— INPUT DATA —

==============================

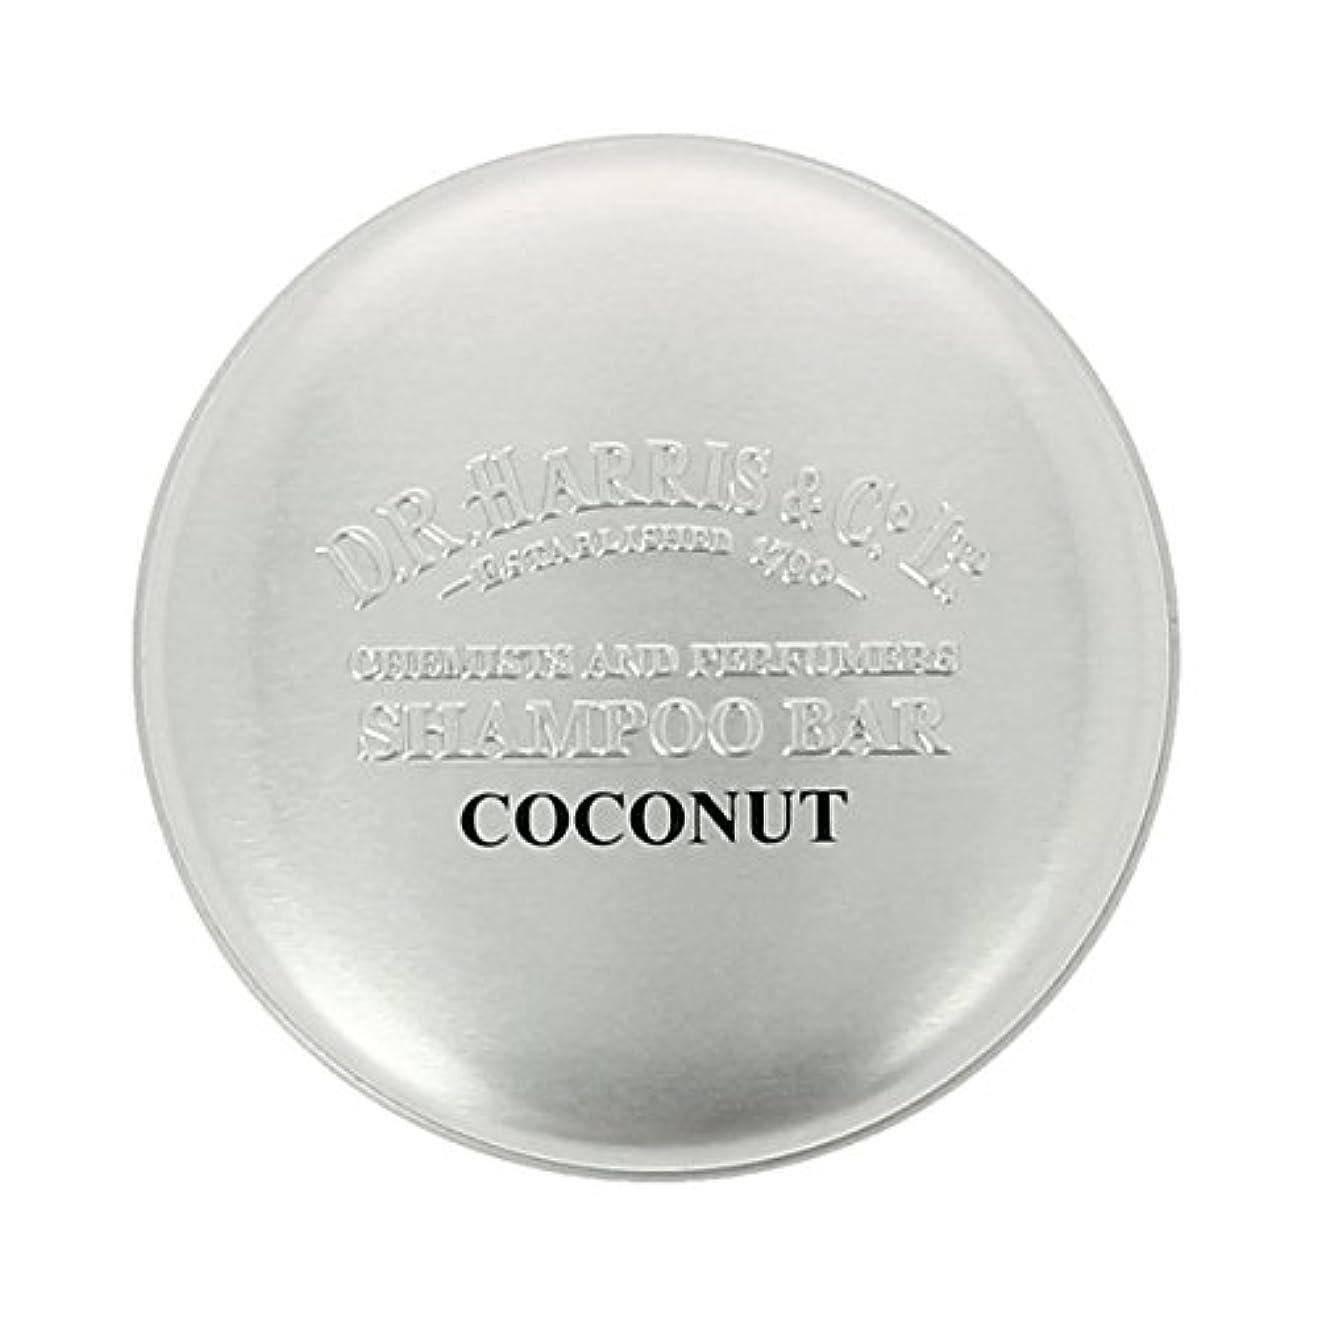 D Rハリス ココナッツシャンプーバー50g[海外直送品] [並行輸入品]
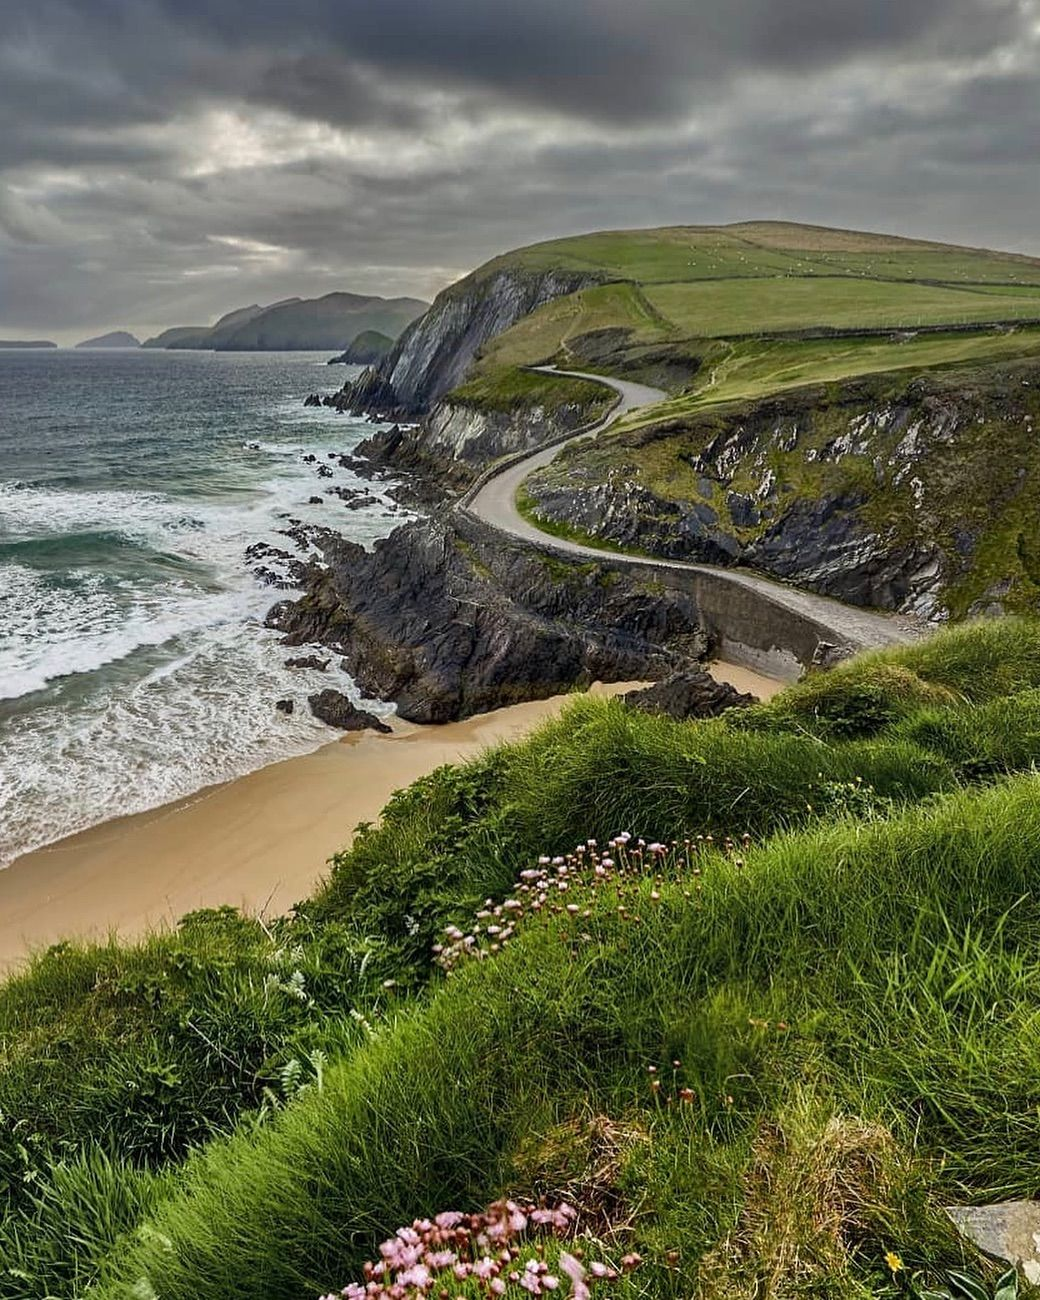 Slew Head Drive Dingle Peninsula Co Kerry Ireland Image By Jorn Petersen Marvelatireland Images Of Ireland Ireland Travel Travel
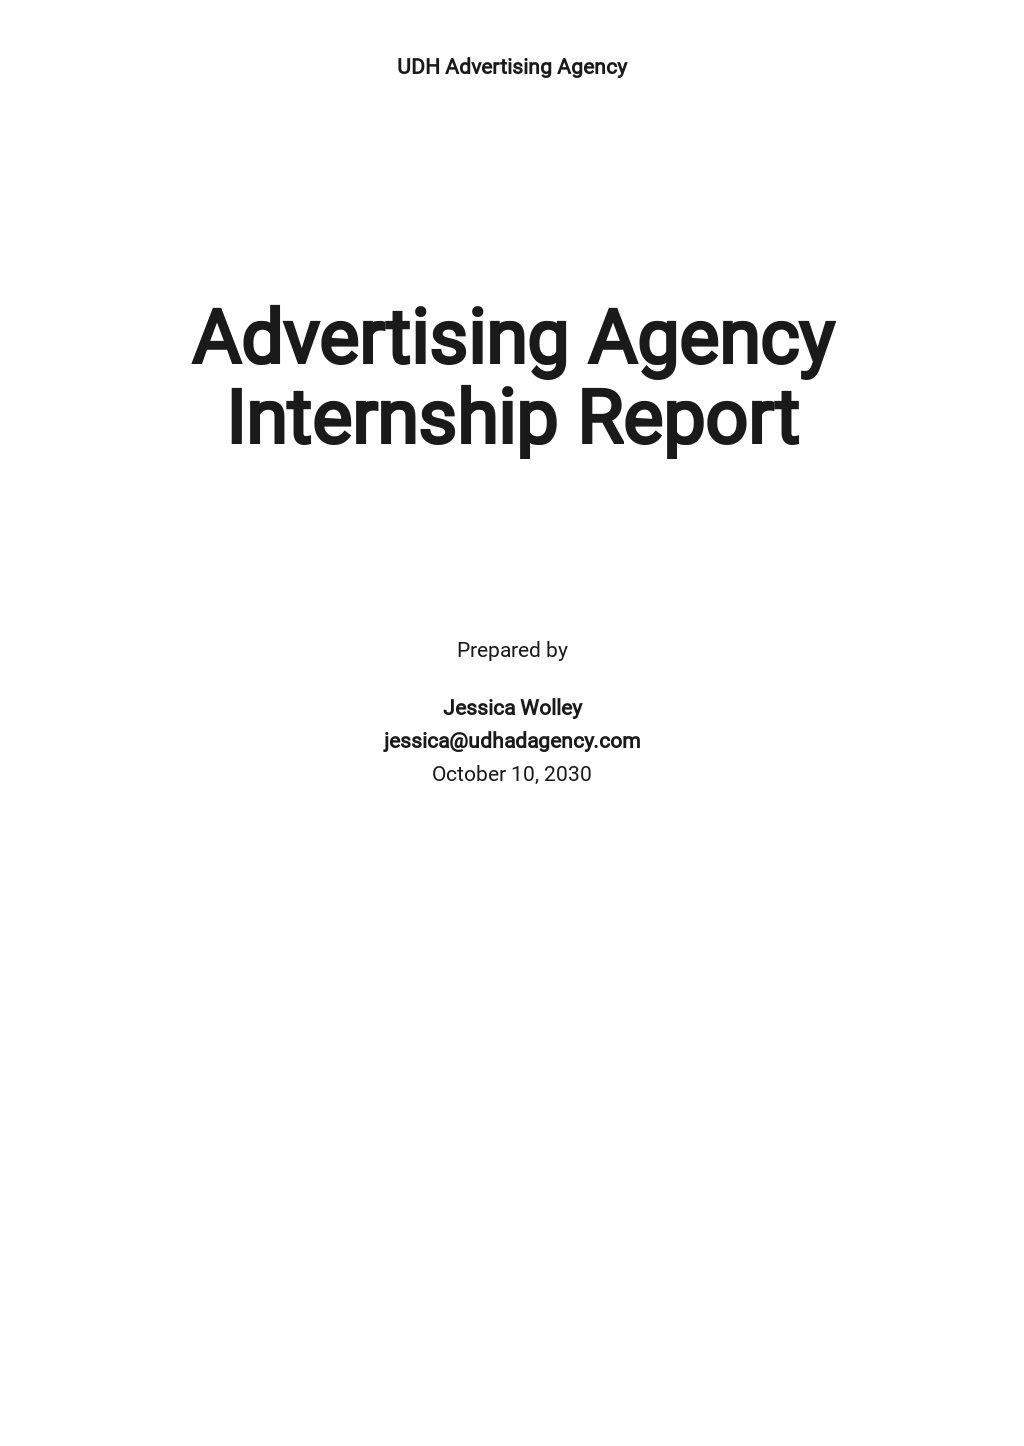 Advertising Agency Internship Report Template.jpe

==============================

— WHAT TO PRODUCE —
Apart from the pictures, repeat the data above exactly.

— RESULT BELOW —
 D Rハリス ココナッツシャンプーバー50g[海外直送品] [並行輸入品]
 Slew Head Drive Dingle Peninsula Co Kerry Ireland Image By Jorn Petersen Marvelatireland Images Of Ireland Ireland Travel Travel
 Advertising Agency Internship Report Template.jpe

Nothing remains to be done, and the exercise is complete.